The Markit iTraxx Crossover index, made up of 50 mostly "junk"-rated credits, was at 548 basis points, 11 basis points tighter. Mehernosh Engineer, a credit strategist at BNP Paribas, said the move tighter was partly due to investors taking off a decompression trade. "We've got market technicals playing around. There is a better tone so people have taken some risk off," he said. The decompression trade in its simplest form involved avoiding weaker credits and holding stronger credits, Engineer said.
"You buy protection on the Crossover and sell protection on the Main, making the spread between the two widen. But people are now taking that trade off. We would need significant equity weakness for people to put that trade back on." One London-based trader said the actions held little immediate significance for debt investors, and that the focus was now on the bank's future: "It's definitely not over with UBS, and as long as they have that investment bank they have the same set of problems ... probably more."
Five-year credit default swaps on UBS senior debt were little changed at 102.5 basis points, and 175 on its subordinated debt, the trader said.

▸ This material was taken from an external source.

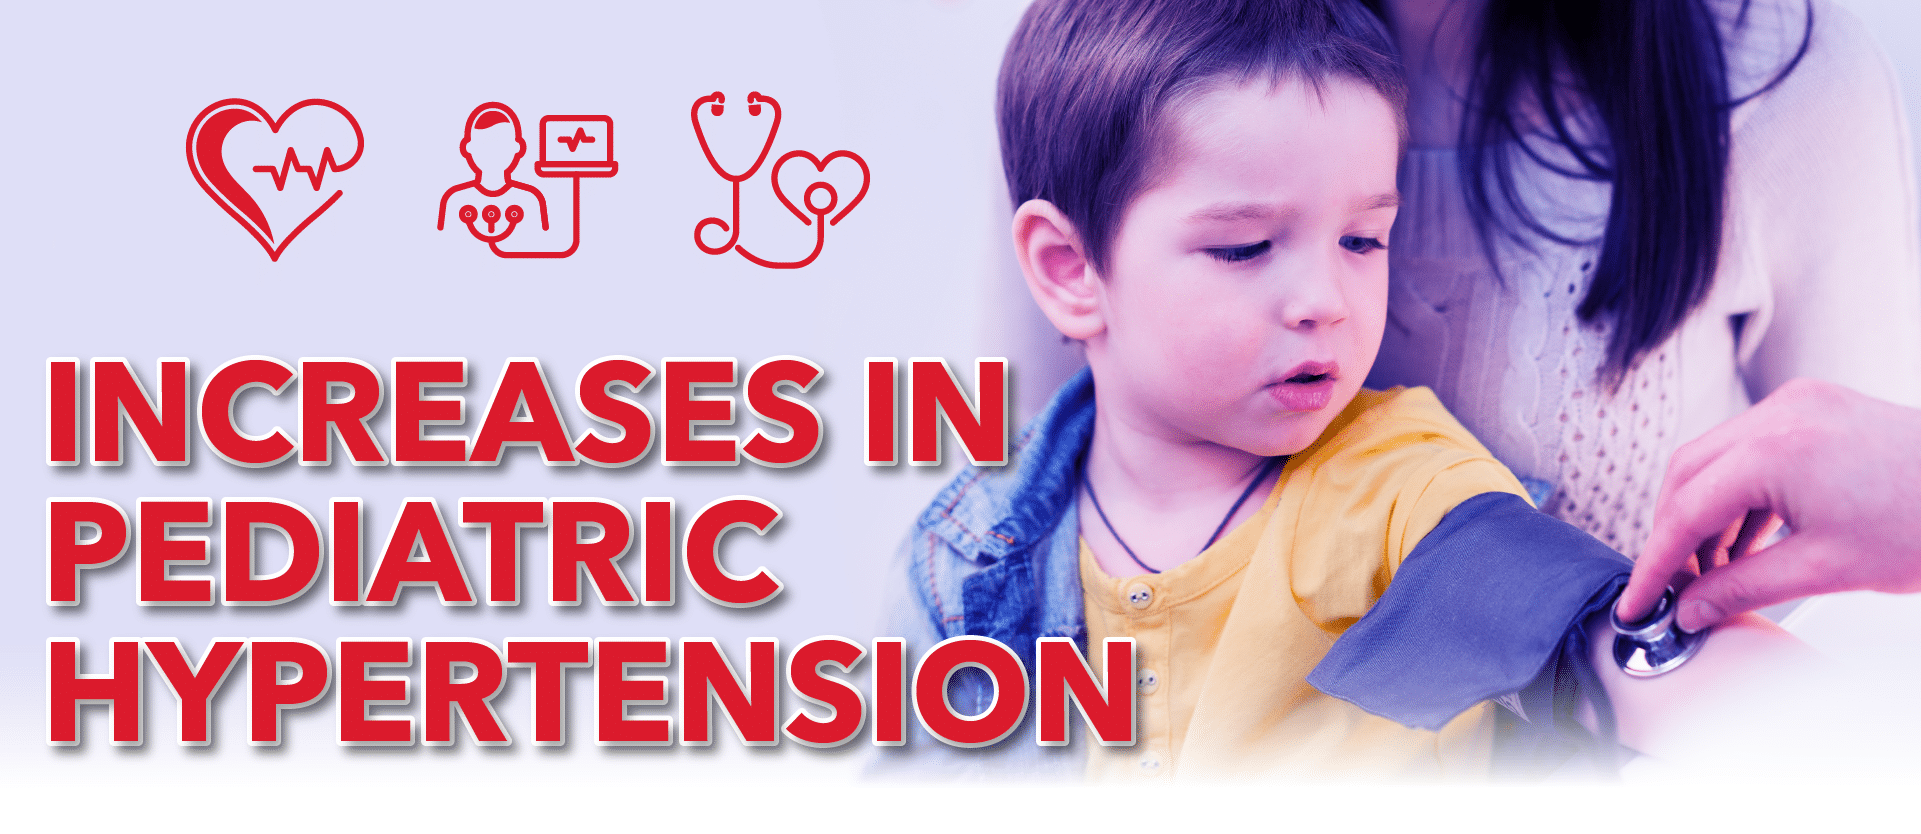 Hypertension in Kids and Teenagers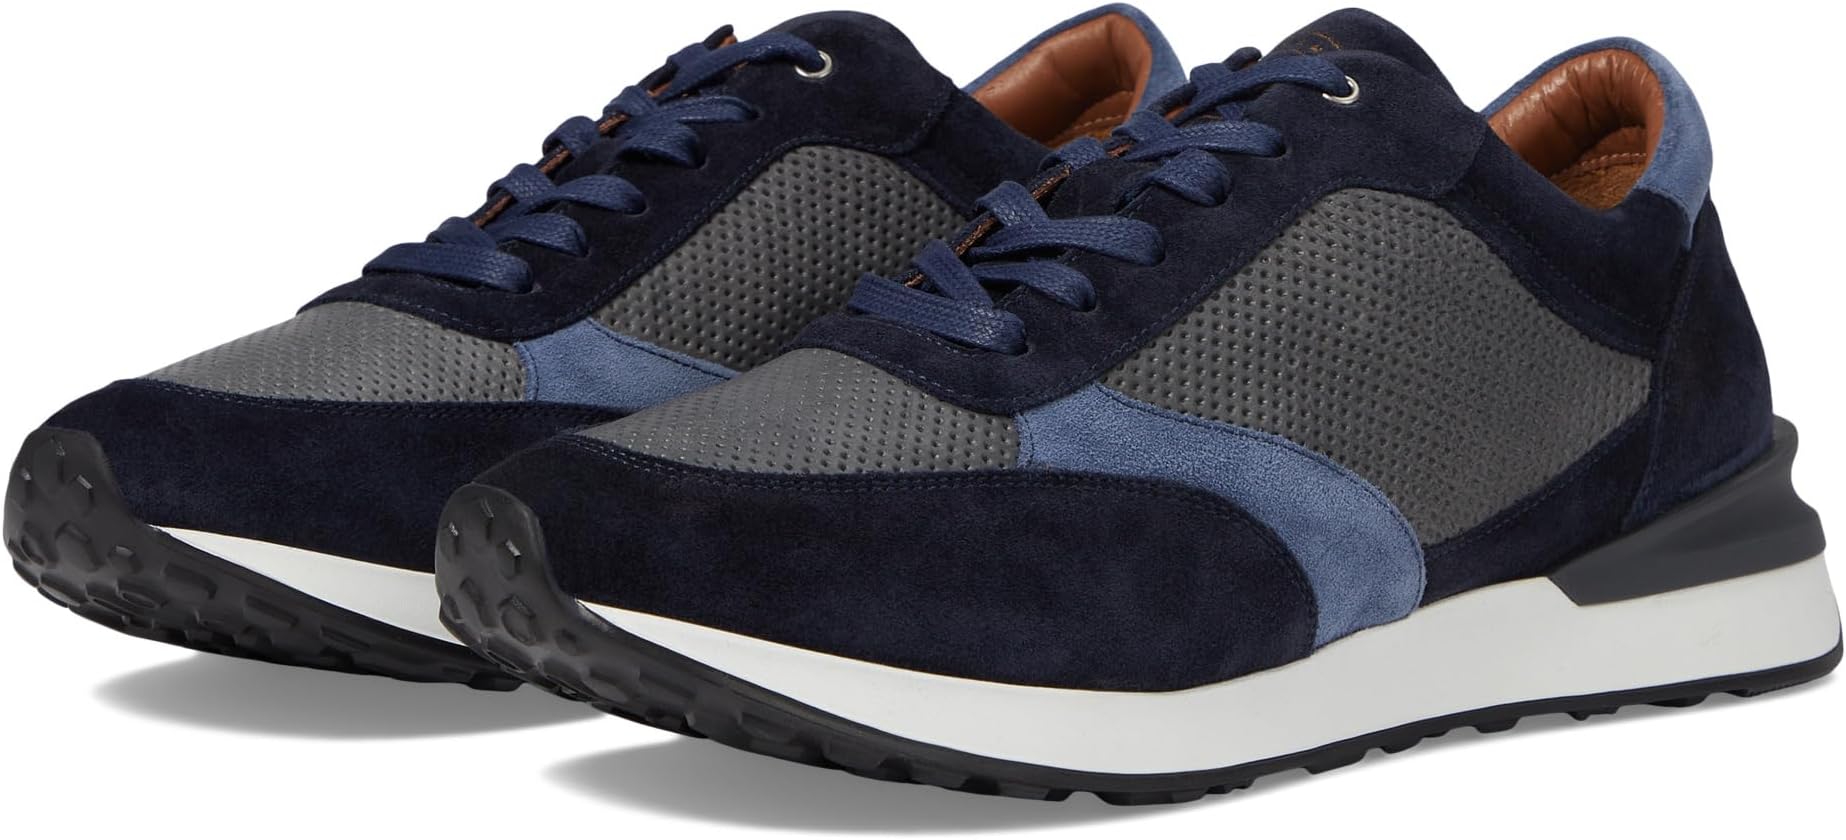 Кроссовки Briggs Perfed Lace-Up Johnston & Murphy Collection, цвет Navy/Gray/Blue Italian Suede

Credit strategists at UniCredit (HVB) wrote in a note to clients: "This decision adds uncertainty regarding a future legal split of the bank, which could lead to the same scenario as at Dresdner, with investors unsure where their debt will end up.
UBS management signalled for the first time on Tuesday that it could ditch the investment bank although it said there were no plans now to do so. Across the Atlantic, a survey by the US Federal Reserve said late on Monday that, amid economic fragility, US banks were increasingly tightening their lending standards.
In the cash bond market, the FTSE Euro Corporate Bond Index showed investment-grade corporate bonds in euros yielding an average 118.5 basis points more than similarly dated government bonds, 1.2 basis points more on the day. In underlying government bond markets, the yield on the interest rate sensitive two-year Schatz was 4.083 percent, 1.5 basis points less on the day. The 10-year Bund yielded 4.245 percent, 2.1 basis points less. The 10-year euro swap rate was 4.725 percent.